I think this is a first...  In this case, I totally agree with Carolinian.  FF programs are one of the more profitable parts of most airlines.  And while benefits have been cut back a bit over the past 10 years or so, I've actually seen an uptick in benefits over the past couple.  Airlines are looking for loyalty, and the FF programs bring it.  I have status with American, and I'll choose American over the competition even if the price is a bit higher.  That's what airlines like.


----------



## Ken555 (Oct 6, 2012)

GetawaysRus said:


> AA paid for our taxi from ONT to LAX.



Wow! That's probably an hour on the road, if not more. In a taxi. Paid by AA.  



> British Air First class on a 777-300 is a nice way to fly, by the way.
> 
> Our return to the USA will be on Iberia and British Air.  Hopefully there won't be any problems with those flights.



Again, wow. Upgrade to first on BA is great. I've never had those seats, but I hear they are among the best, along with their business class.

As for Iberia...well, don't hold your breath.
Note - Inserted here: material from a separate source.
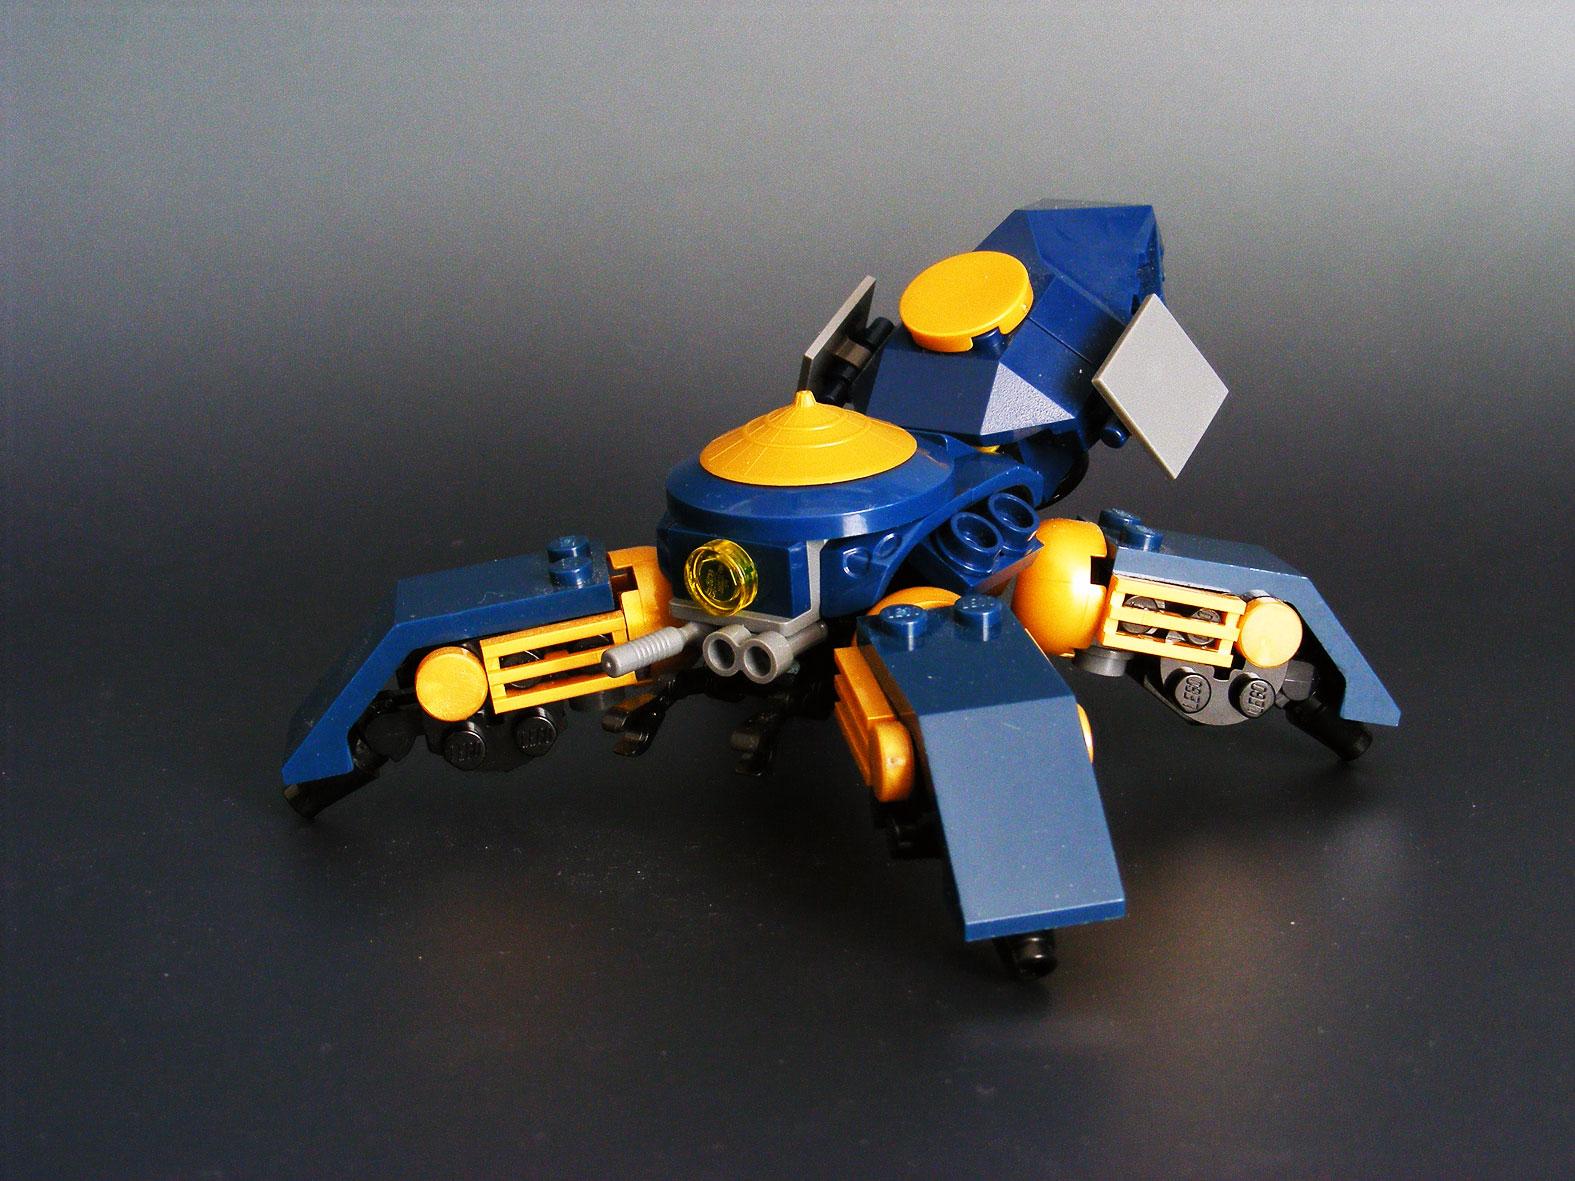 Taustakuvat Cyberpunk Robotti Auto Tila Ajoneuvo Keltainen

I've been on one of their flights within Spain and it was fine, but delay was the name of the game.


----------



## Ken555 (Oct 6, 2012)

MichaelColey said:


> I think this is a first...  In this case, I totally agree with Carolinian.  FF programs are one of the more profitable parts of most airlines.  And while benefits have been cut back a bit over the past 10 years or so, I've actually seen an uptick in benefits over the past couple.  Airlines are looking for loyalty, and the FF programs bring it.  I have status with American, and I'll choose American over the competition even if the price is a bit higher.  That's what airlines like.
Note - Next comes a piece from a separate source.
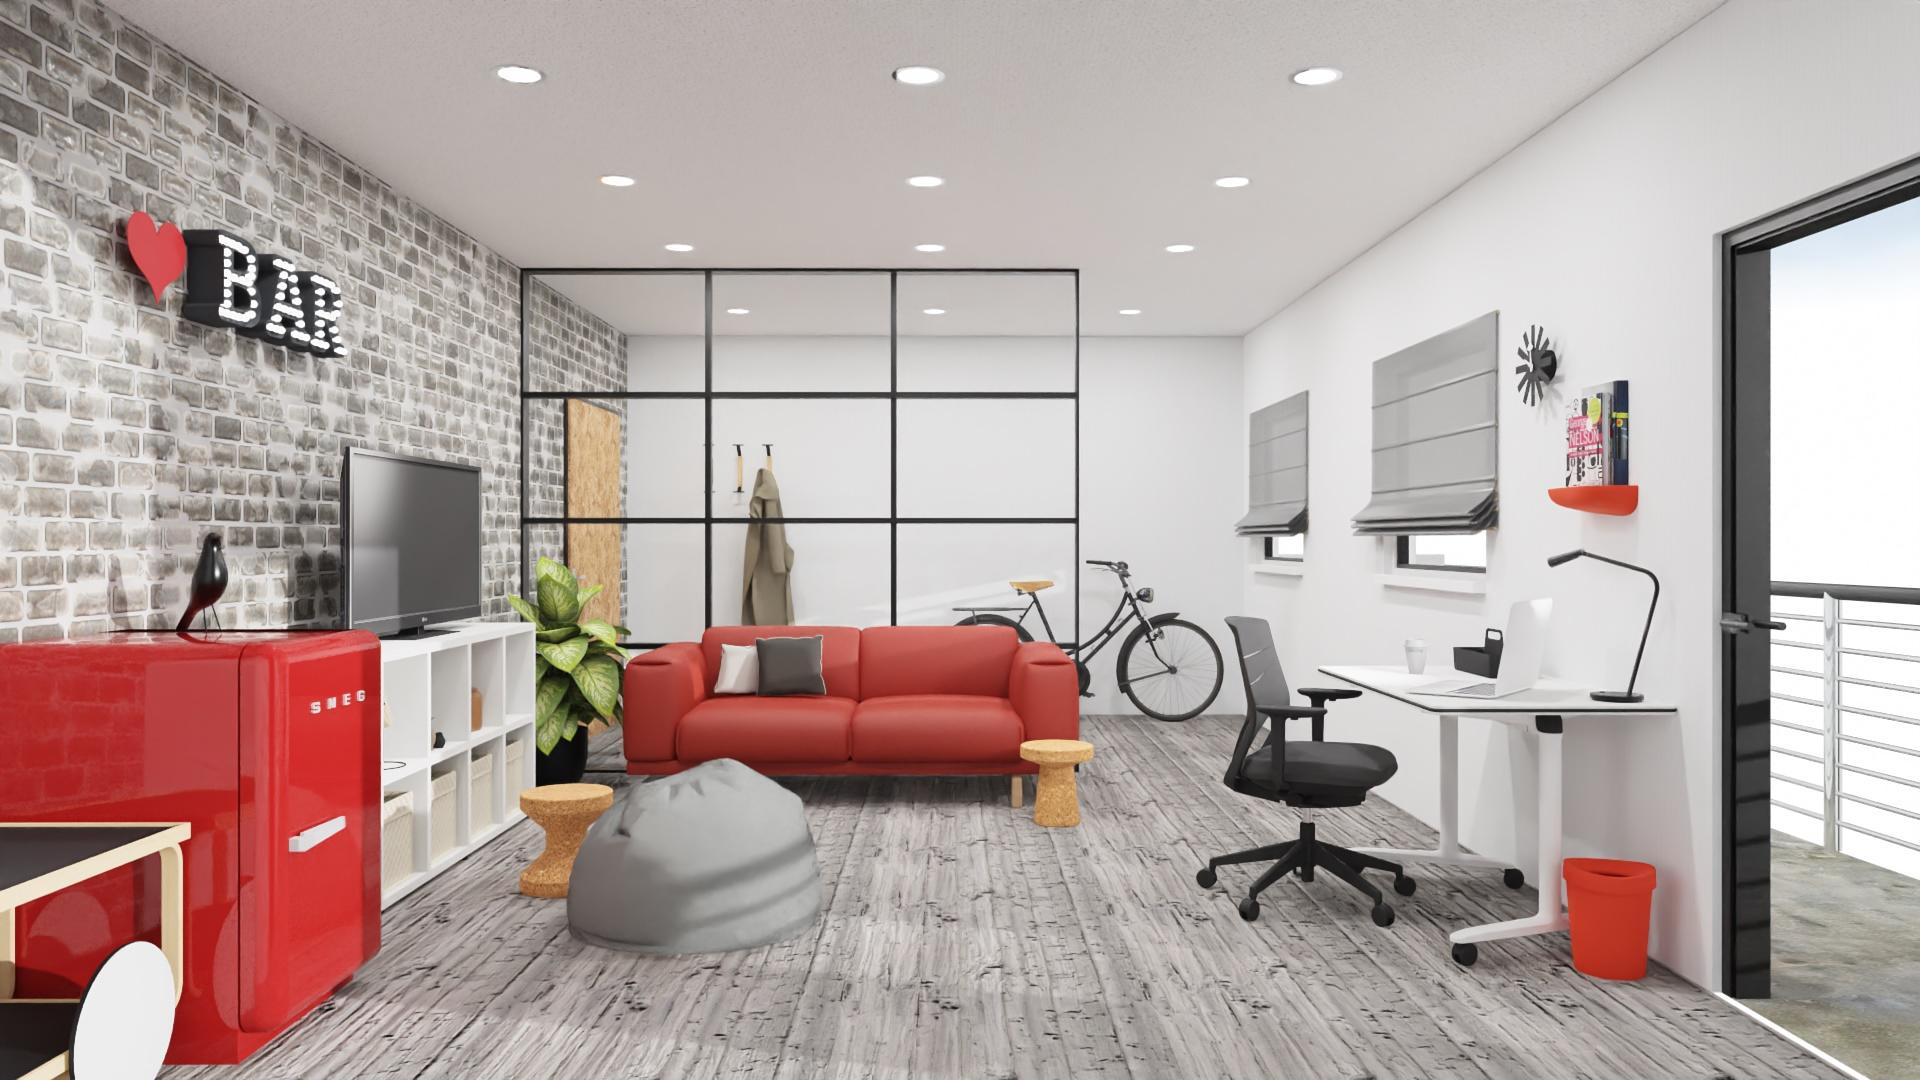 La compañía ha diseñado oficinas para Naturgy

Yup, this used to be me, too. I liked AA. But now they have older planes, don't offer as much, and clearly have major problems to deal with. Given the choice, I'll fly another carrier these days. Domestically, my favorite is Virgin America. I'm hoping to use up my AA miles in the next year or so. This year was getting rid of Delta and I've still got enough for another business seat to Europe so not sure if I can go fast enough.


----------



## spencersmama (Oct 6, 2012)

Ken555 said:


> This year was getting rid of Delta and I've still got enough for another business seat to Europe so not sure if I can go fast enough.
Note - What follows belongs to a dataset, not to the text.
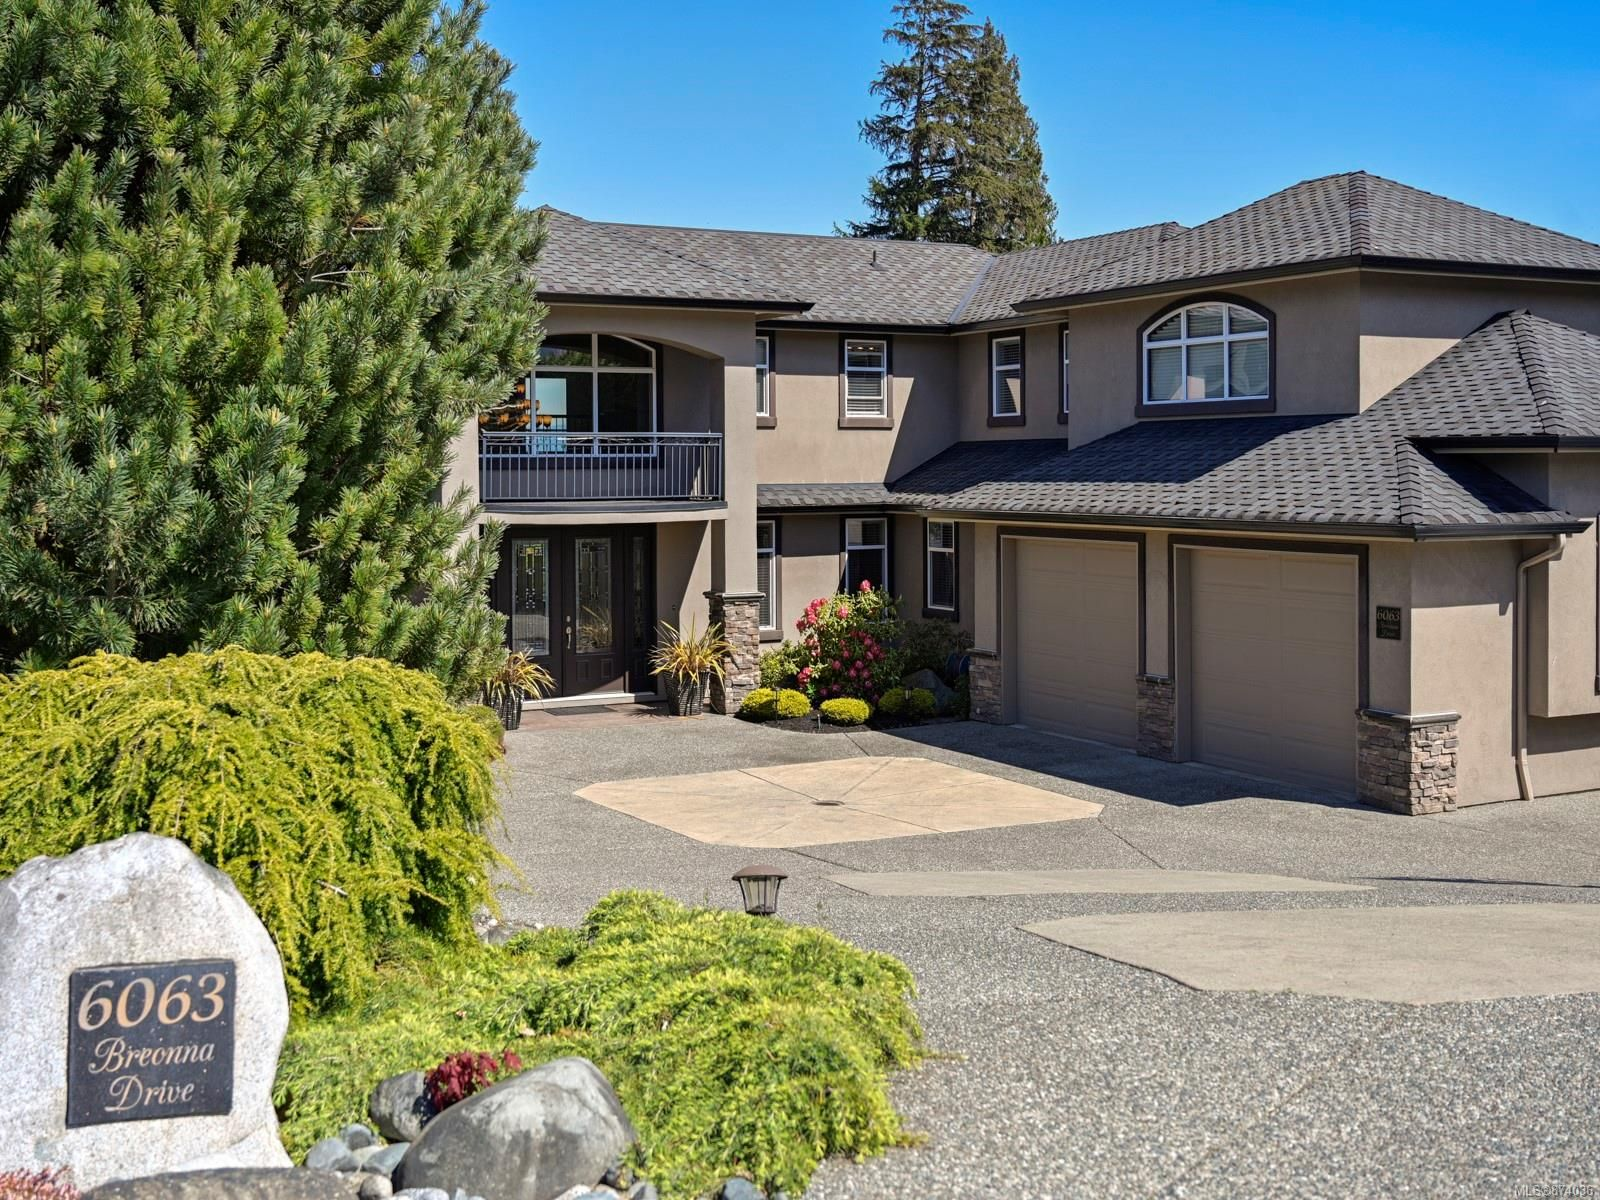 Main Photo: 6063 Breonna Dr in : Na North Nanaimo House for sale (Nanaimo)  : MLS®# 874036

If you really want to get those miles off your hands quickly, I'll take them!


----------



## Ken555 (Oct 6, 2012)

spencersmama said:


> If you really want to get those miles off your hands quickly, I'll take them!



Yeah, everytime I post that I'm getting rid of them volunteers show up to assist... No thanks. I got a 100k biz seat for this trip, same last year, and I suspect I can do similarly well next year and then the miles are all gone!


----------



## x3 skier (Oct 6, 2012)

Carolinian said:


> I don't know about you, but my Plat status at AA gets me lounge access on TATL flights (and that includes Galleries at LHR), early boarding, check-in through the 1st class line, special security lines (that can save an hour's time at LHR or IST, to name a couple), 2 free checked bags,  frequent first class upgrades on domestic legs (I am 100% since switching to AA, and was close to that on NW and CO), double ff miles, and premium coach seats on international flights (usually exit row).
> 
> My award redemption is also great.  I had a summer redemption this year, and the circumstances only gave me about 6 weeks lead time.  Nonetheless, half of the days during the month I needed to travel were availible at saver milage rates on AA.  I would NEVER find that at that juncture for summer on DL, and not as much on UA, although better at UA than DL.



Like I said, if you are at high tier, it is nice and I enjoy similar bennies but other than that, it is no big deal. 

A few years ago, low tiers were worth it. Now they are not much. I predict the erosion of FF programs will continue.

Fortunately I have reactivated my pilots license so I can fly myself now and avoid all the BS associated with domestic air travel if I want to. 

Cheers


----------



## MichaelColey (Oct 6, 2012)

x3 skier said:


> A few years ago, low tiers were worth it. Now they are not much. I predict the erosion of FF programs will continue.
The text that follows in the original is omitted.